INSTRUCTIONS FOR THE TASK: From the line containing "Samsung Geek Squad" to the final line of the material below, return every line exactly. Do not include pictures.

DATA SECTION:
════════════════════

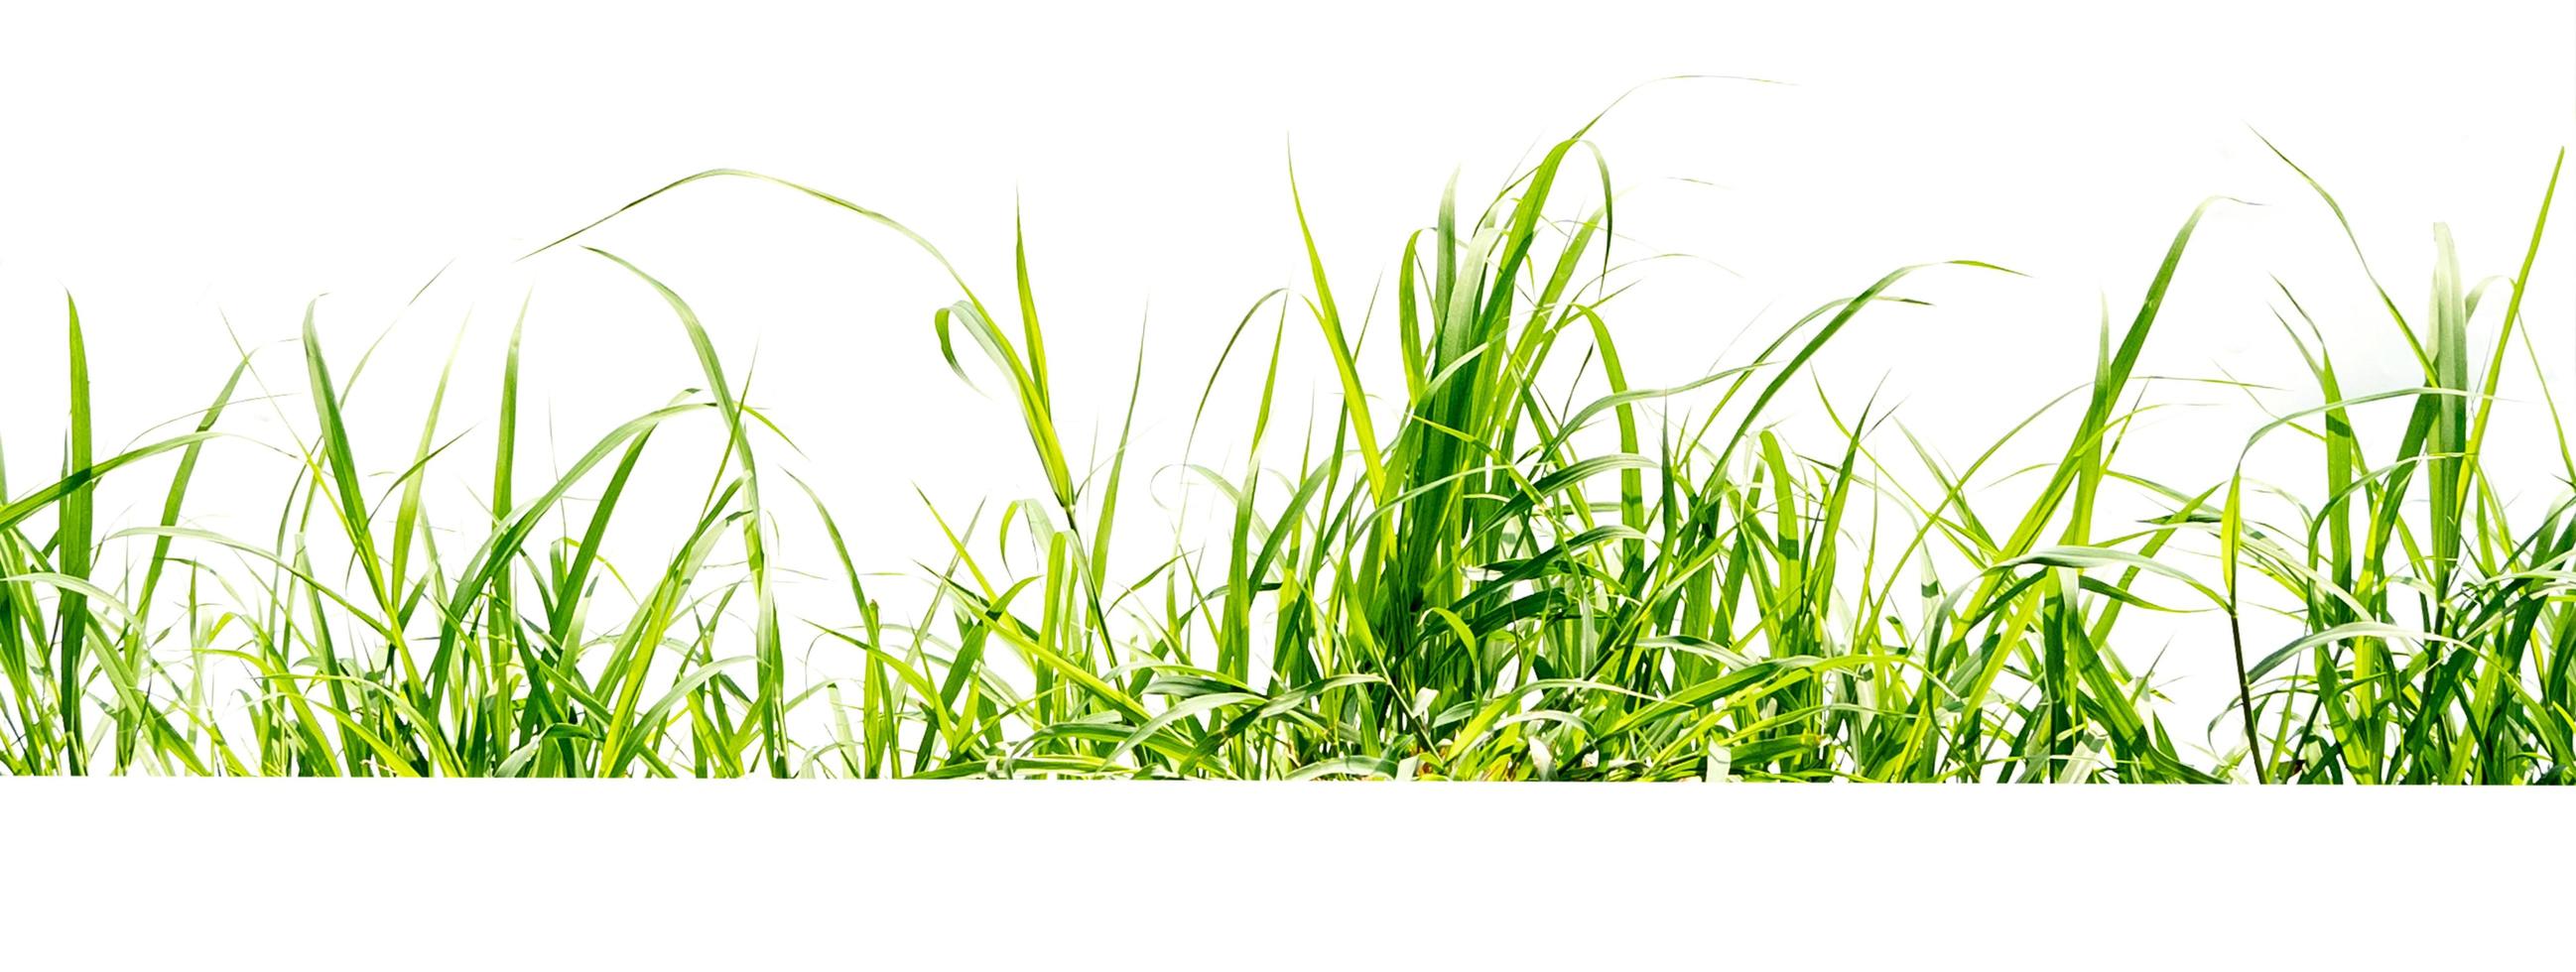 grönt gräs isolera på vit bakgrund foto
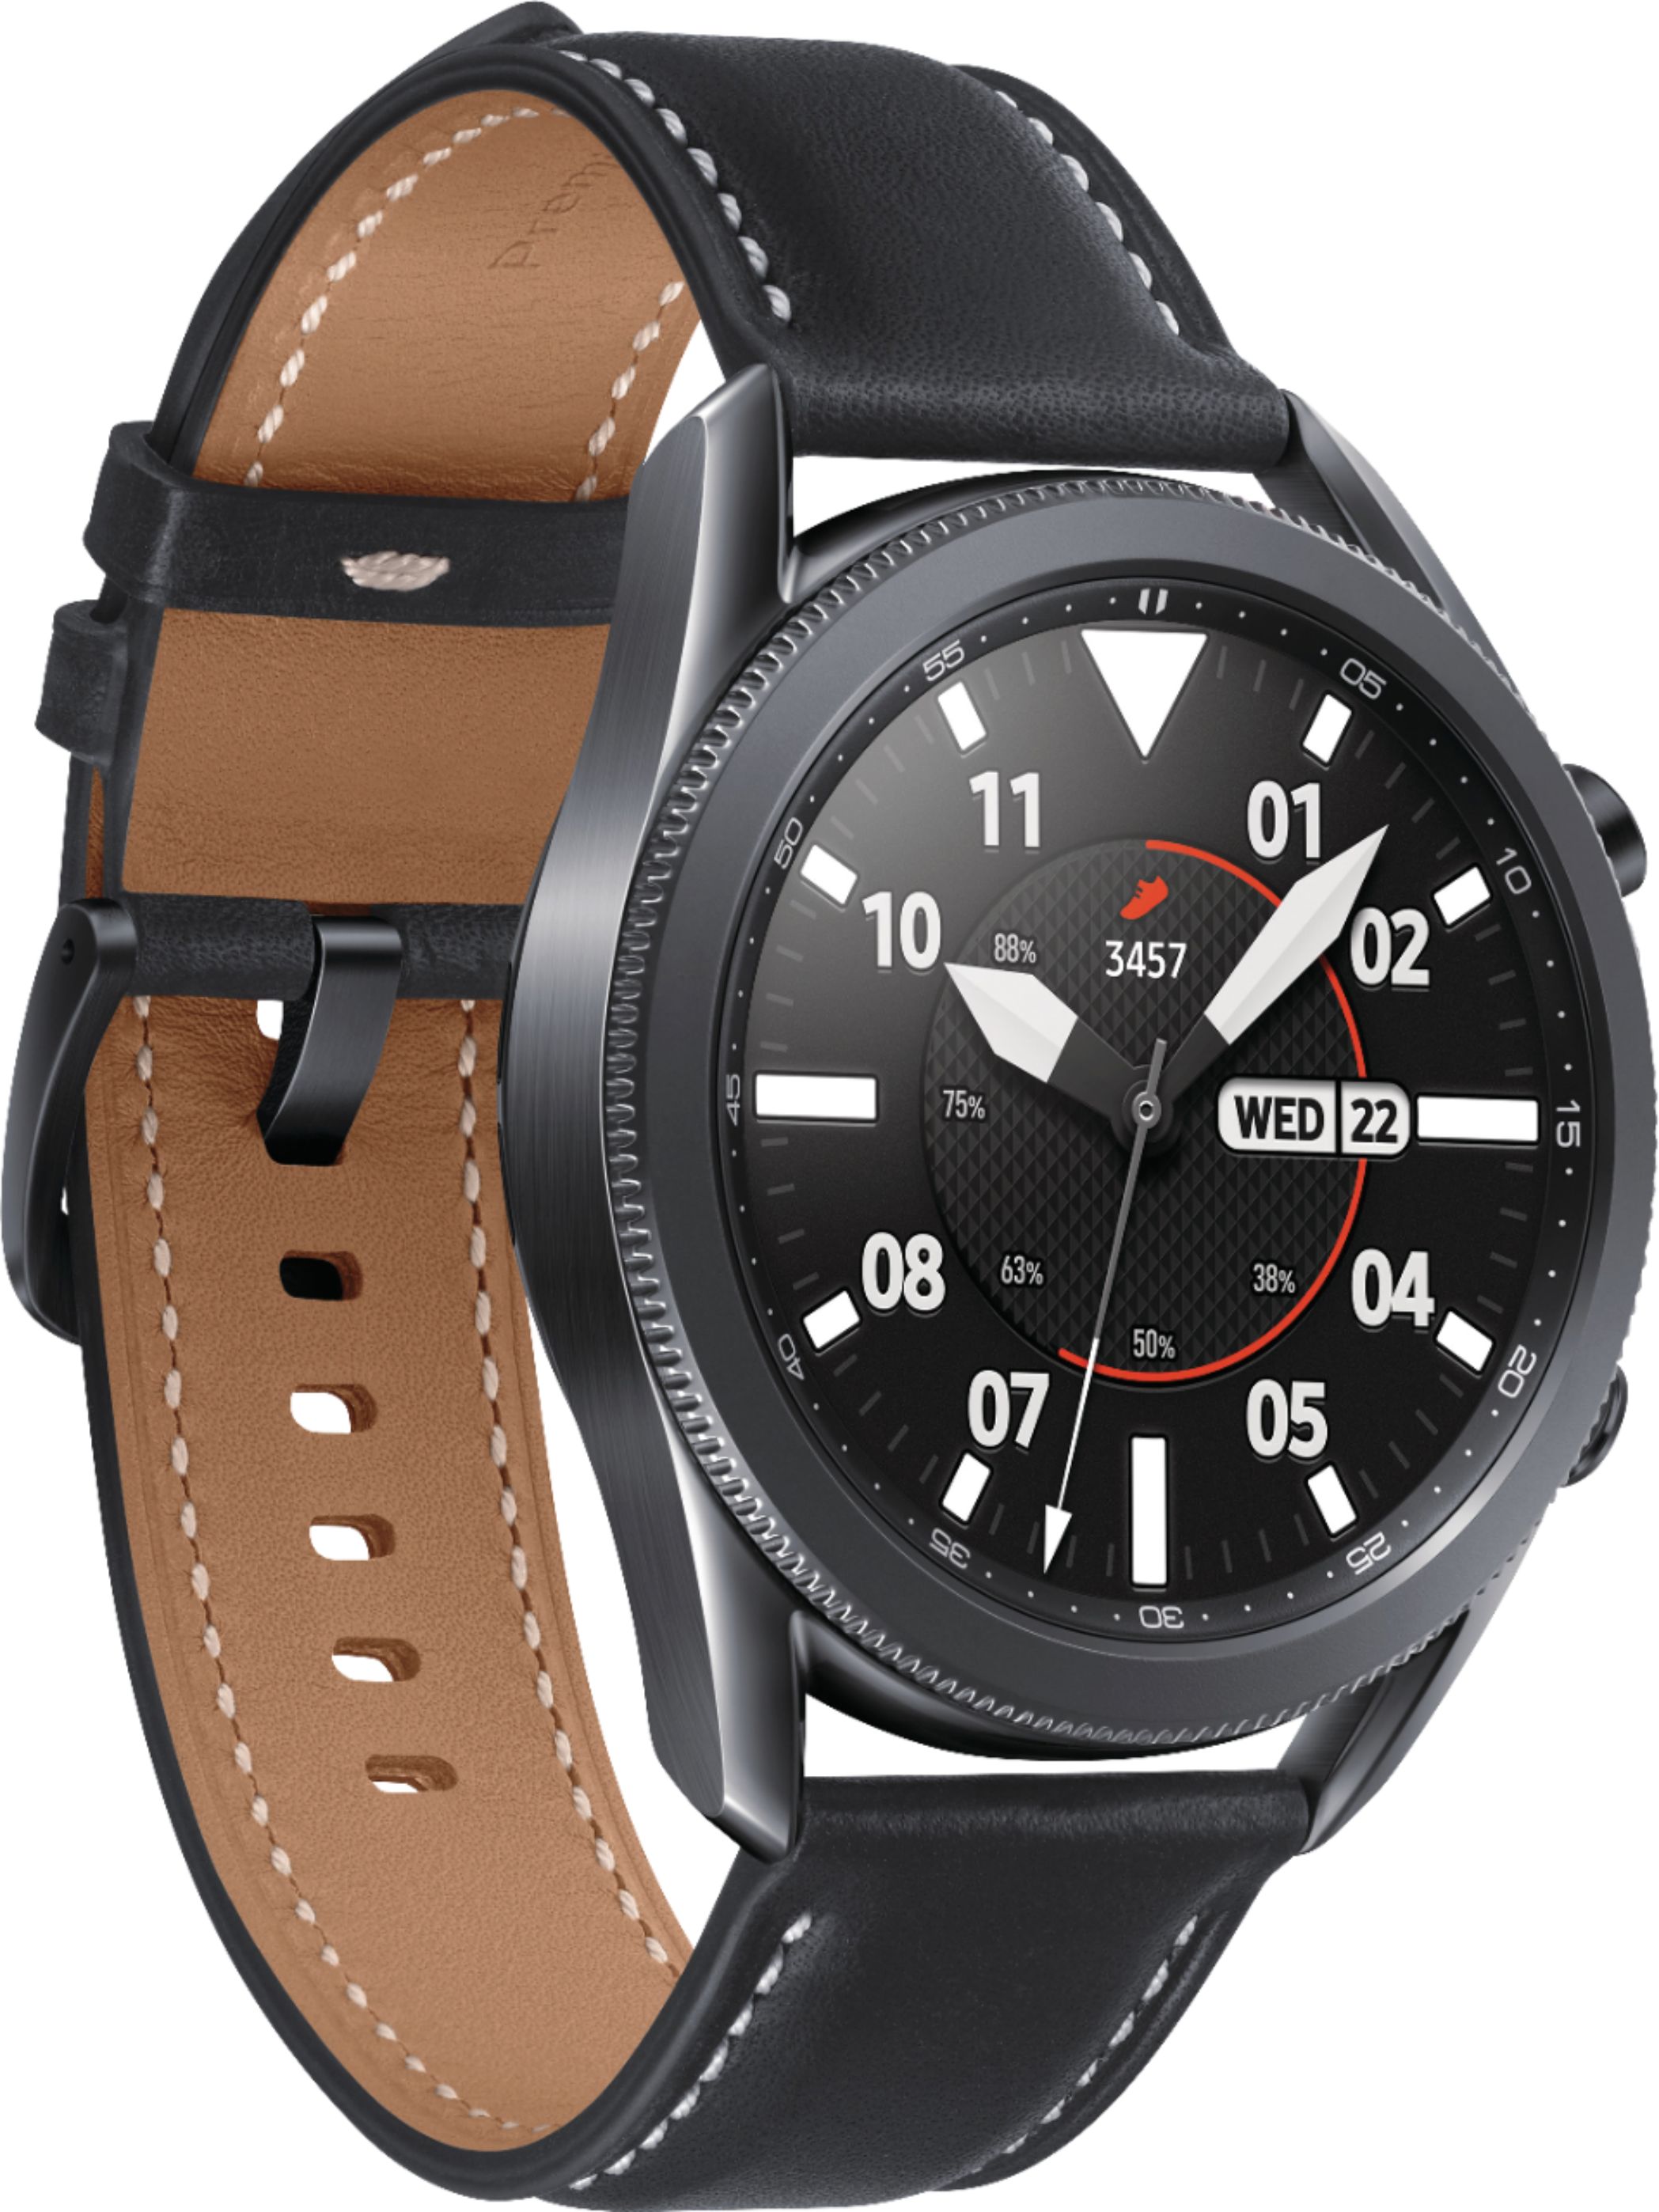 Samsung Geek Squad Certified Refurbished Galaxy Watch3 Smartwatch
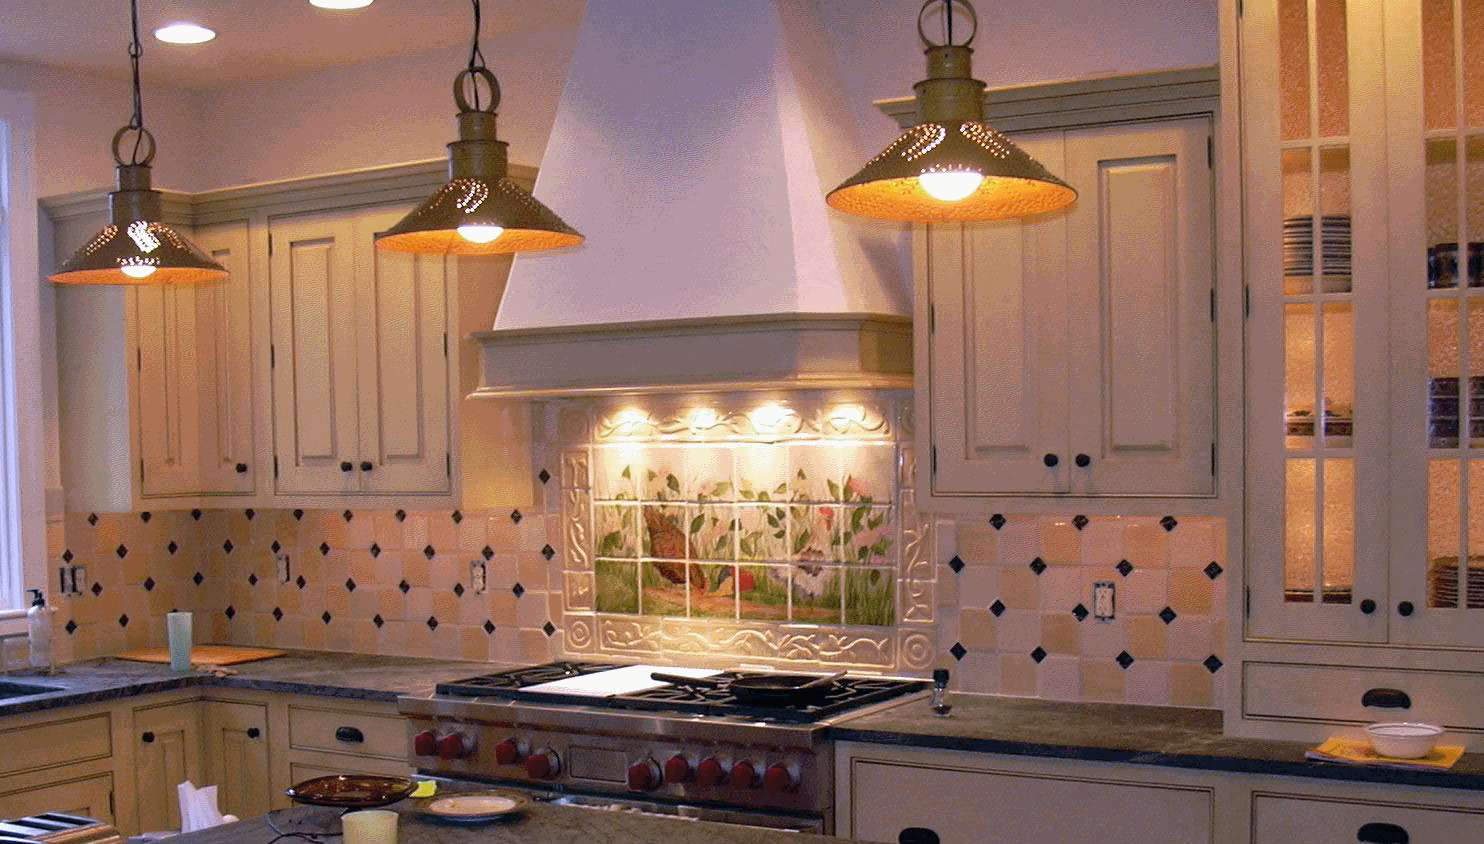 tile kitchen design on Upgrade That Kitchen   Kitchen Tiles In Creative Patterns Make An
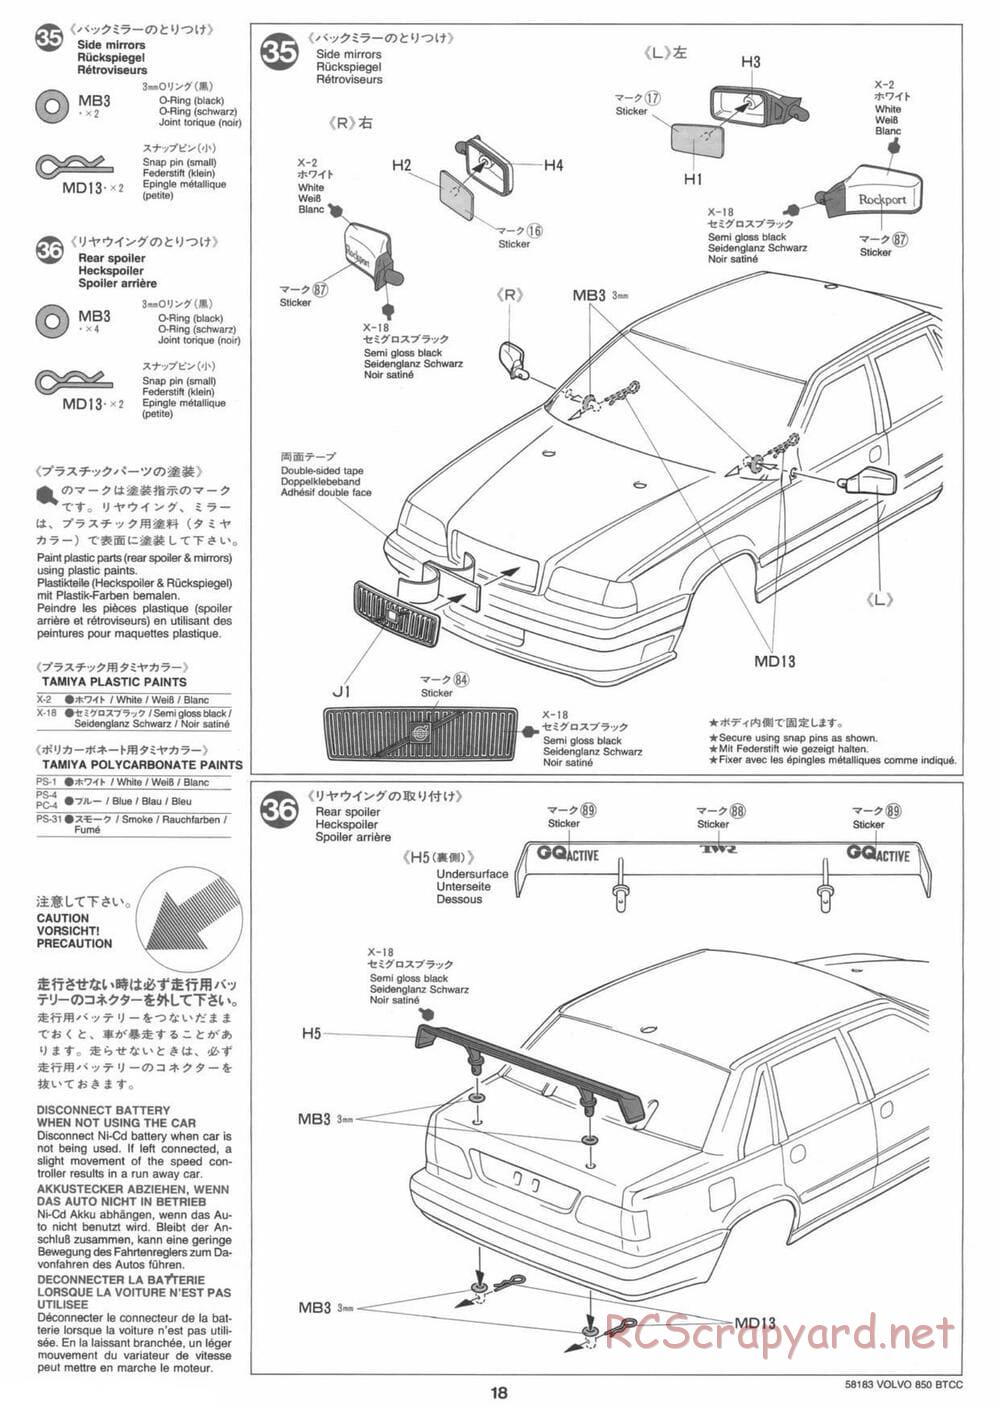 Tamiya - Volvo 850 BTCC - FF-01 Chassis - Manual - Page 18

════════════════════

WRITTEN RESPONSE:
 Samsung Geek Squad Certified Refurbished Galaxy Watch3 Smartwatch
 tile kitchen design on Upgrade That Kitchen   Kitchen Tiles In Creative Patterns Make An
 Tamiya - Volvo 850 BTCC - FF-01 Chassis - Manual - Page 18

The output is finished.